第41話:スライムだらけの鞄

「そら、行ったぞ」

「お、おう!」


 自分が異世界人だと話してから、ヴァル先生に魔法のことを少し教わることが出来た。


 魔術師を目指す者は最初、火、土、風の三つの下級魔法から習う。

 人によって相性のよしあしがあるから、頑張っても習得できない属性魔法というのはあったりするらしい。

 で、基本三つのうち二つをそれなりに上手く使えるようになったら、次は水属性の下級魔法を教えて貰える。


 教えて貰えるっていうのは、魔法学校だったり師匠だったりからっていう意味。

 こんな感じで、魔法を習得していくんだと、ヴァルに教えて貰った。


 どうやら私の場合も同じみたい。

 水の魔法が気がついたらクエスチョンマークが消えて表示されてたけど、覚えているのはファイア・ボールとロック・シューターの熟練度バー……だと思うやつのゲージが、半分より右に行ってから。


 銀級のランク維持依頼の最中に、ヴァルに言われてウィンド・カッターとウォーター・バレットを使う様にしたらこれが使えるように。


「"氷の刃!"」


 アイス・バレットは、小さな氷柱を飛ばして当てる魔法。

 水の魔法と風の魔法を上手く操れるようになった魔術師は、次に氷の魔法を覚える事になる。

 上手く操る=熟練度。

 私の場合は使えば使うほど上がっていく簡単仕様だから、熟練度上げも難しくはない。


 アイス・バレットでスライムを打ち抜くと、一瞬で凍り付いて、そして砕けた。

 それを拾い集めて鞄に詰め込んでいく。

 私の鞄は今、十体分のスライムが入ってる。

 ……ひいぃーっ!


「ねぇヴァル。
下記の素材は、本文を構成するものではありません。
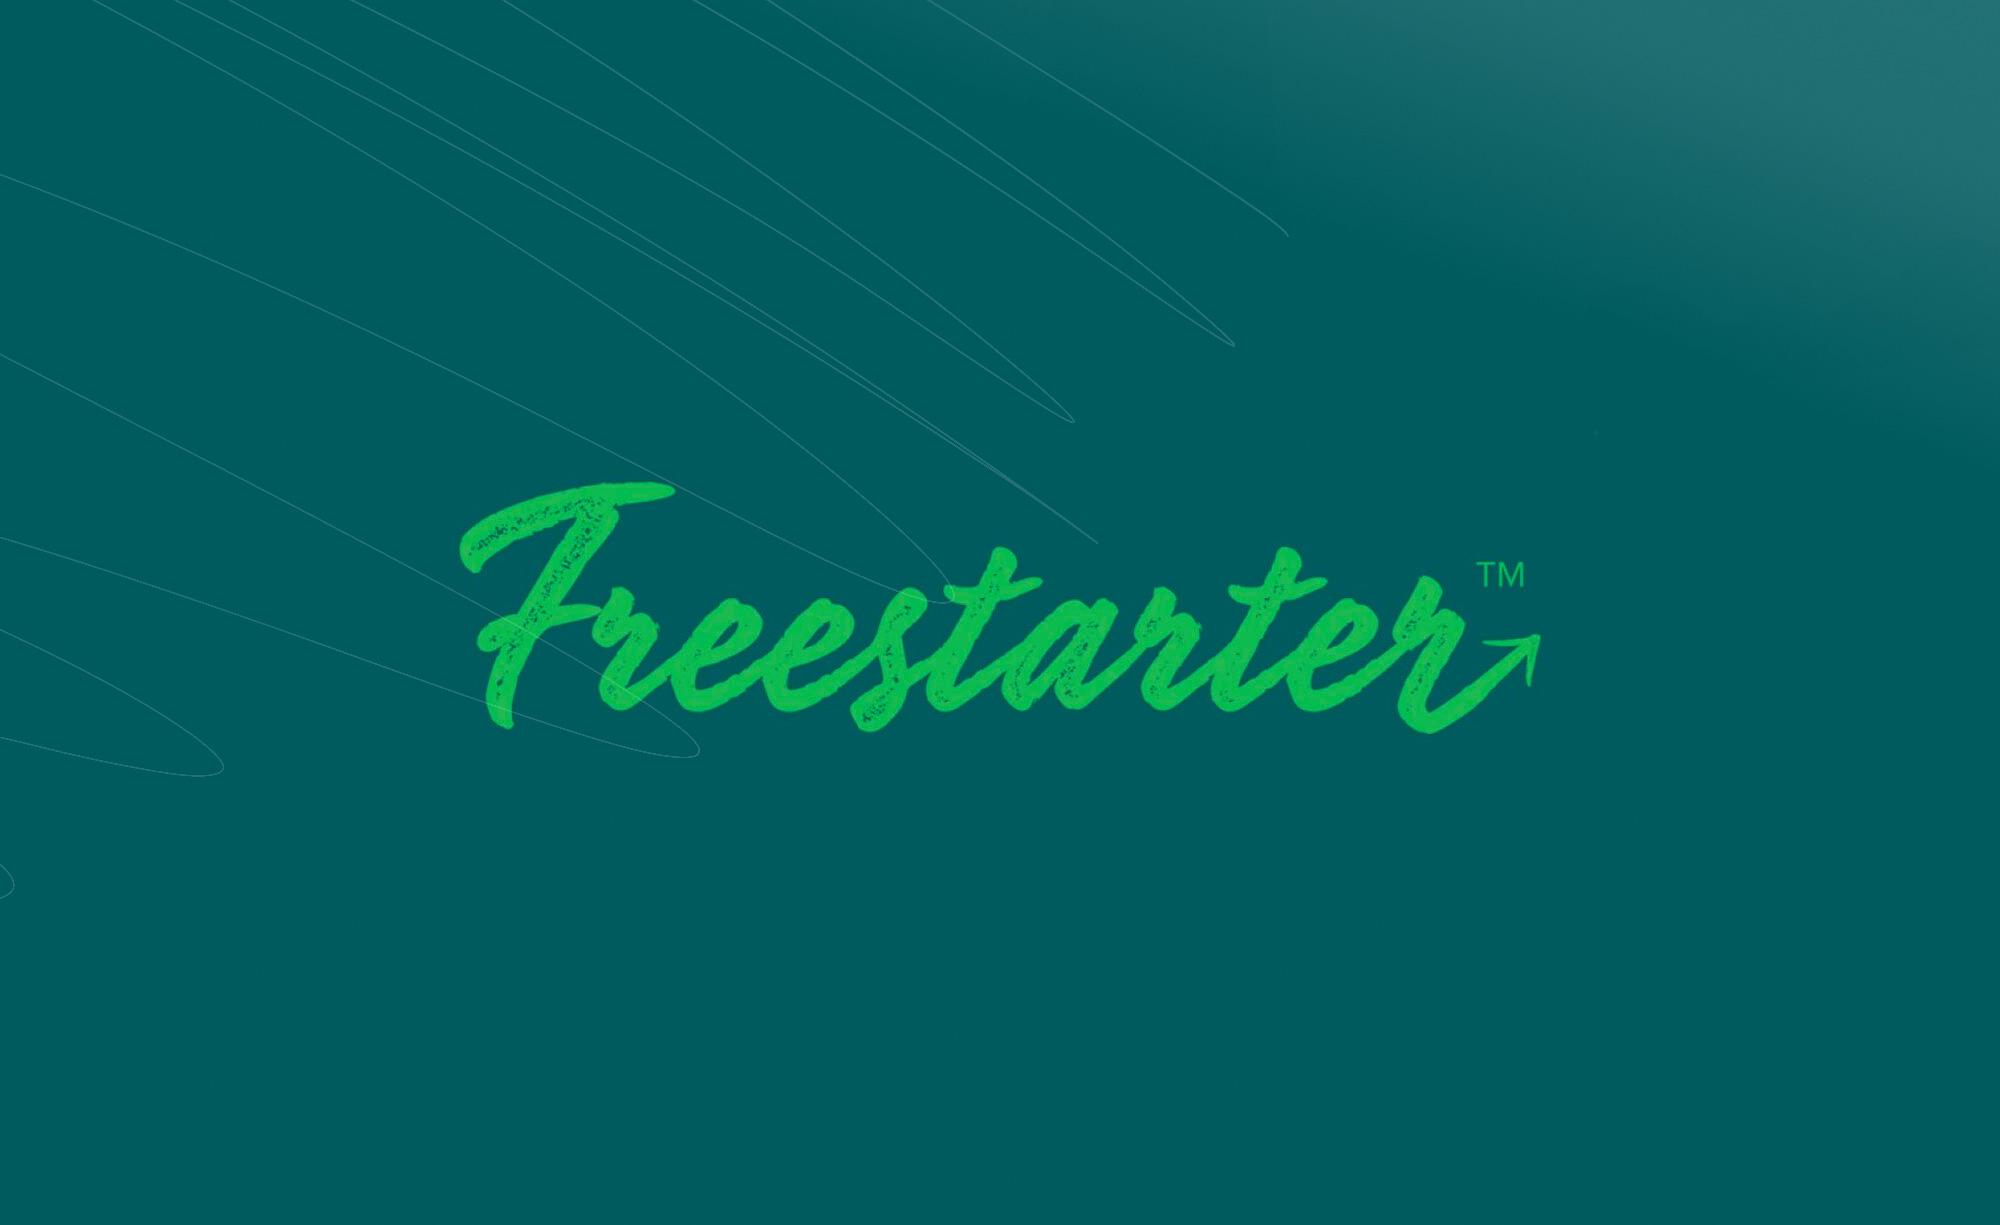 Freestarter logo

砕けたスライム集めるの面倒くさいんだけど」

「次の魔法が使えるようになるまで辛抱しろ。確かアイス・バレットの上位がアイス・ロックっつー、対象を凍らせる魔法だ」

「凍らせるだけ? 砕けるアイス・バレットの方が強いんじゃ」

「バーカ。こんなドちびのスライムだから砕けるんであって、普通のモンスターだと凍傷ダメージを負わせる程度だぞ」


 確かにここのスライムは小さい。手のひらサイズだ。

 ゴブリンに対して使えば、氷柱をぶっ刺して周辺を凍傷させる程度の効果らしい。

 凍傷より氷柱を刺した物理的なダメージの方が大きそう。


 スライムはキュウリと同じでほとんどが水分。だから簡単に凍ってしまう。そして小さいから氷柱の衝撃で砕ける、と。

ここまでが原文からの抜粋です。